In the previous chapter we successfully deployed bcache, and in this chapter we use Ceph in conjunction with Bcache, using Bcache to speed up ceph's data disk.
1 ceph architecture
A standard ceph cluster might have the following architecture, with SSDs/NVMEs storing metadata and SATA disks storing data. In such an architecture, the upper limit of the read/write rate of the physical SATA disk determines the upper limit of the storage cluster ceph (the barrel effect). If we add a caching layer to the SATA disk in this architecture .
The structure of the caching layer is given in the official documentation as follows
The overall idea is the same, except that the caching layer is not maintained for a long time. Currently it is still in the non-production available stage .
The bcache technology, on the other hand, has been baptized by time and is a more mature solution in ceph caching technology.
Then the Bcache storage architecture becomes the following architecture.
In this architecture we modify the schema of Bcache as followswriteback modeIn the production environment, we just need to focus on increasing the number of cache hits, while in the production environment we need to focus on increasing the number of cache hits. In a production environment we just need to focus on solving the problem of increasing the hit rate of the cache. In fact most production environments do exactly that.
2 Deployment
In Chapter 13 we covered ceph single-node deployments, so if you don't already have a single-node ceph environment, jump back in and build a minimal ceph environment on your own VM environment.
All we need to do is point the --data disk to bcache when deploying ceph osd, and we're done.
ceph-volume --cluster ceph lvm create --bluestore \
--data /dev/bcache0 -- /dev/sde1
ceph-volume --cluster ceph lvm create --bluestore \
--data /dev/bcache1 -- /dev/sde2
ceph-volume --cluster ceph lvm create --bluestore \
--data /dev/bcache2 -- /dev/sde3
At this point, the --data specifies the data disks as bcache0, bcache1, and bcache2, and partitions 1, 2, and 3 of the sde disk correspond to .
At this point in viewing the status of the ceph cluster
3 Reflections
Each data disk corresponds to a three-level directory structure as follows
sdd
└─bcache0
└─ceph--f015264a--34a3--484e--b17a--1811290fea04-osd--block--c6b8e971--5246--46db--93f8--0ceda4626015
3.1 What exactly is this long list of them?
For those of you who know what LVM is, you can clearly see that the right side is the LV (Logical Volume number, while the left side is the VG (Volume Group) number.
We know.LVM --VG --PV corresponds to a tertiary structure, so it is known thatVG By vgdisplay
pvdisplay
We'll see.PV but (not)PV Generally is a partition or disk, at this time the corresponding ceph cluster is BcacheX, at this time X is the number of Bcache. Through the Bcache number, in combination with thelsblk
The disk letter of the back-end data disk that actually stores the data is known.
(take note of lsblk
outgoingVG cap (a poem)LVThe number separator is with two -- and, thevgdisplay
cap (a poem)lvdisplay
It's all separated by a -, so just filter the last 1 paragraph when searching)
3.2 Why do we need to know this? Or to put it another way what is the point of knowing this anymore?
We know that the ceph data disk in the ceph is expressed as a osd.2 and other numbers, now the question comes, if the osd.2 is bad and need to change the disk, how do you know osd.2 corresponding to the data disk is which disk?
It is summarized in the following figure
From the figure, we can know the corresponding number of osd and the corresponding relationship between the disk, and what is the relationship with the VG LVM number, through the installation directory of osd already know the corresponding relationship between the disk and osd. I don't care what LV VG is.
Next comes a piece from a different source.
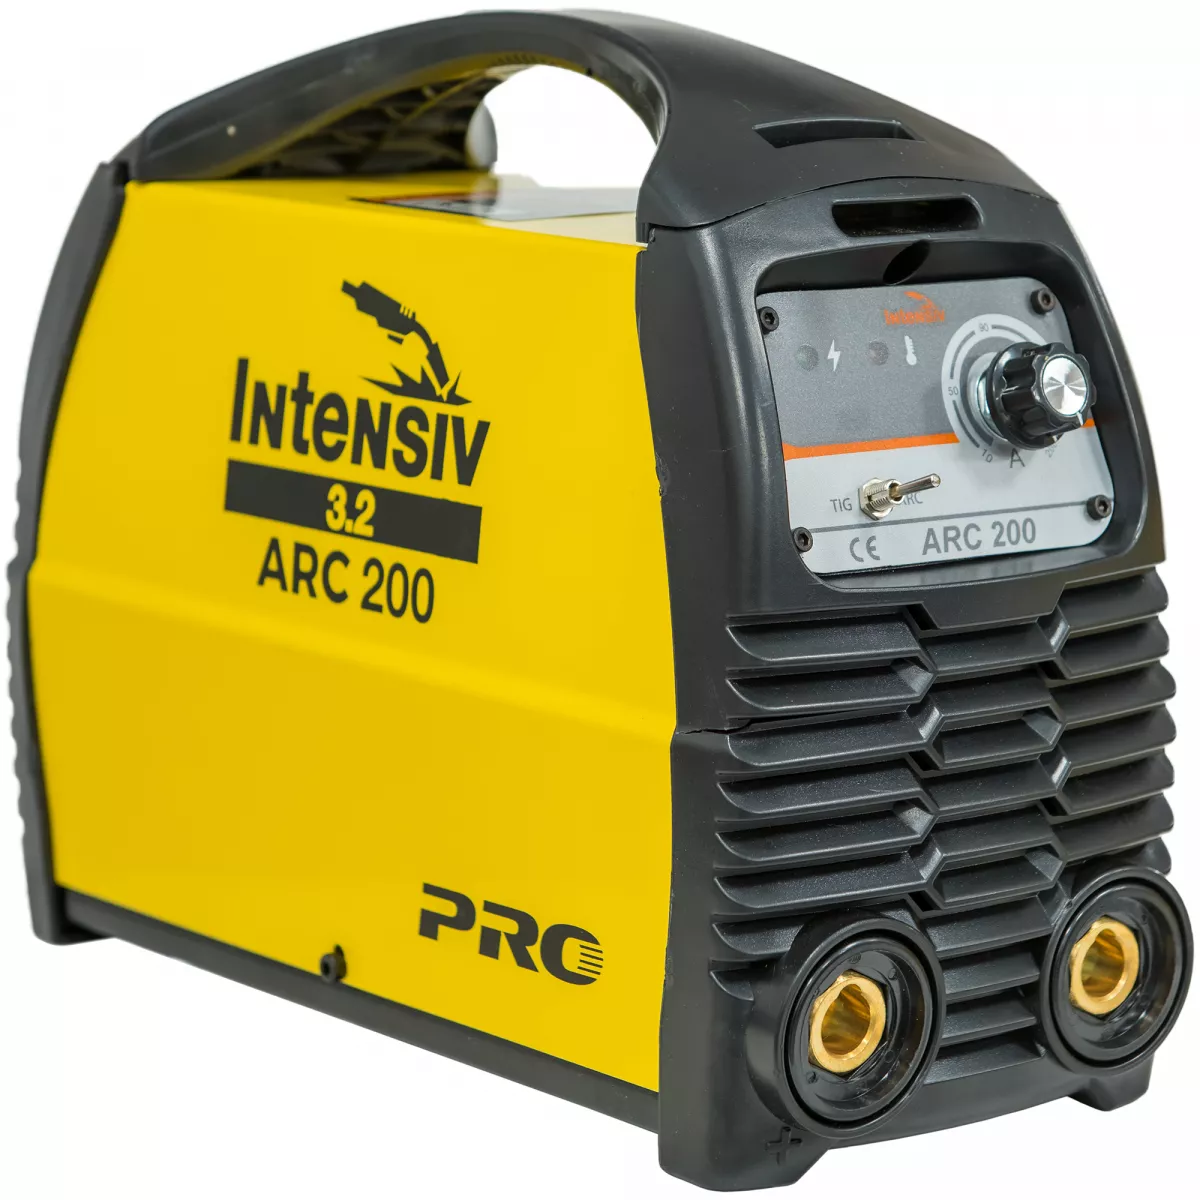 ARC 200 VRD - Aparat de sudura invertor Intensiv, [],bricolajmarket.ro
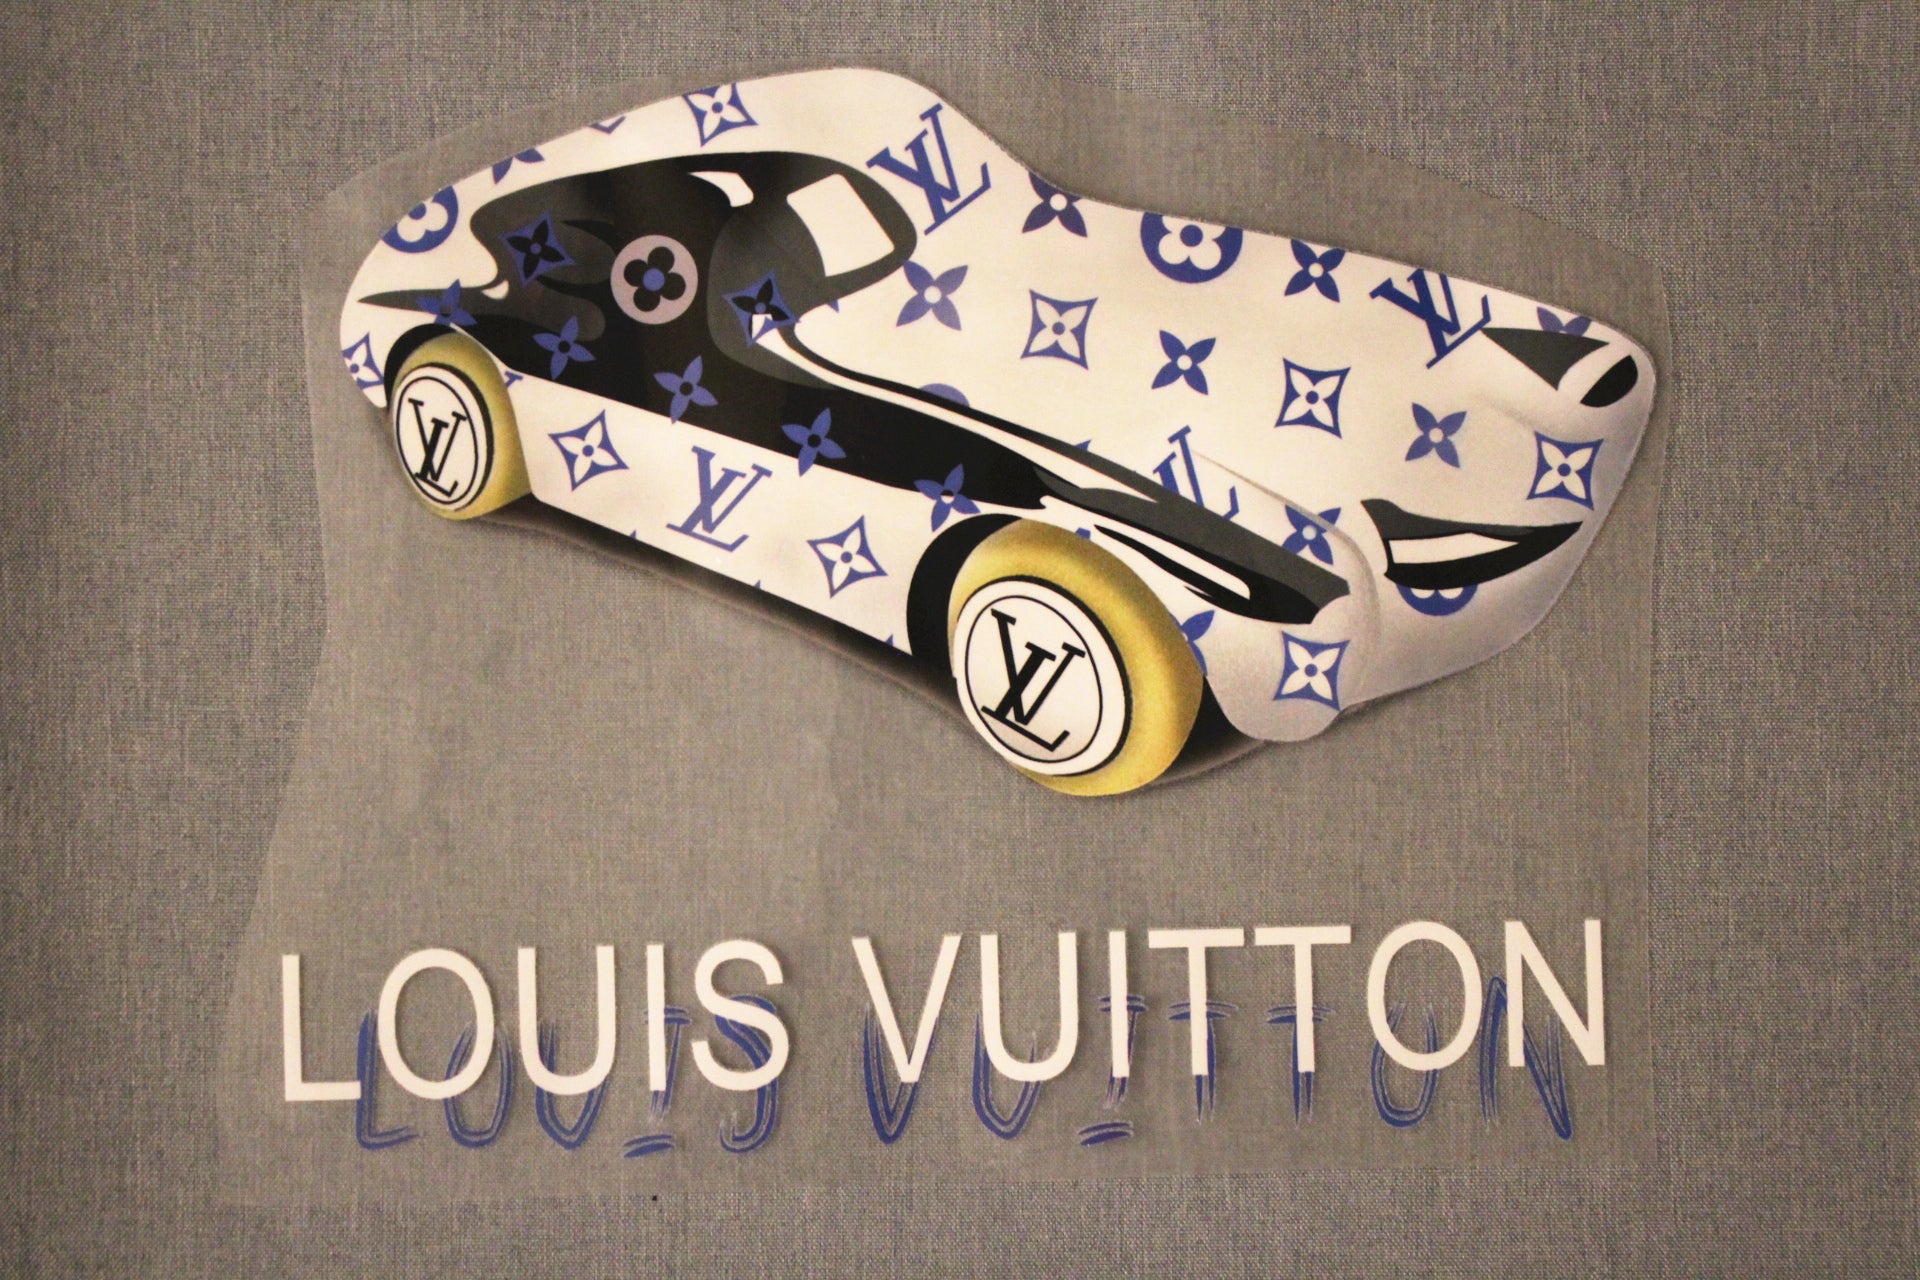 Louis Vuitton Iron On Transfers

Let's imagine a scenario where bcache2 is broken, and the ceph field displayed by lsblk naturally doesn't exist. How do you correlate the osd number to the disk? At this point VG and PV will come in handy.
The authors therefore recommend that when studying, one should not be an instrumentalist, but rather, one should be able to know what he knows as well as what he knows.
3.3 Are there any simple commands whose correspondence can be seen at a glance?
ceph-volume lvs list
command can be implemented directly
Write at the end:
Currently we have completed a minimized ceph cluster, ceph as a distributed storage, know its concepts, and maintenance is a difficult task, note that we will be from theory to practice, focusing on ceph operation and maintenance skills.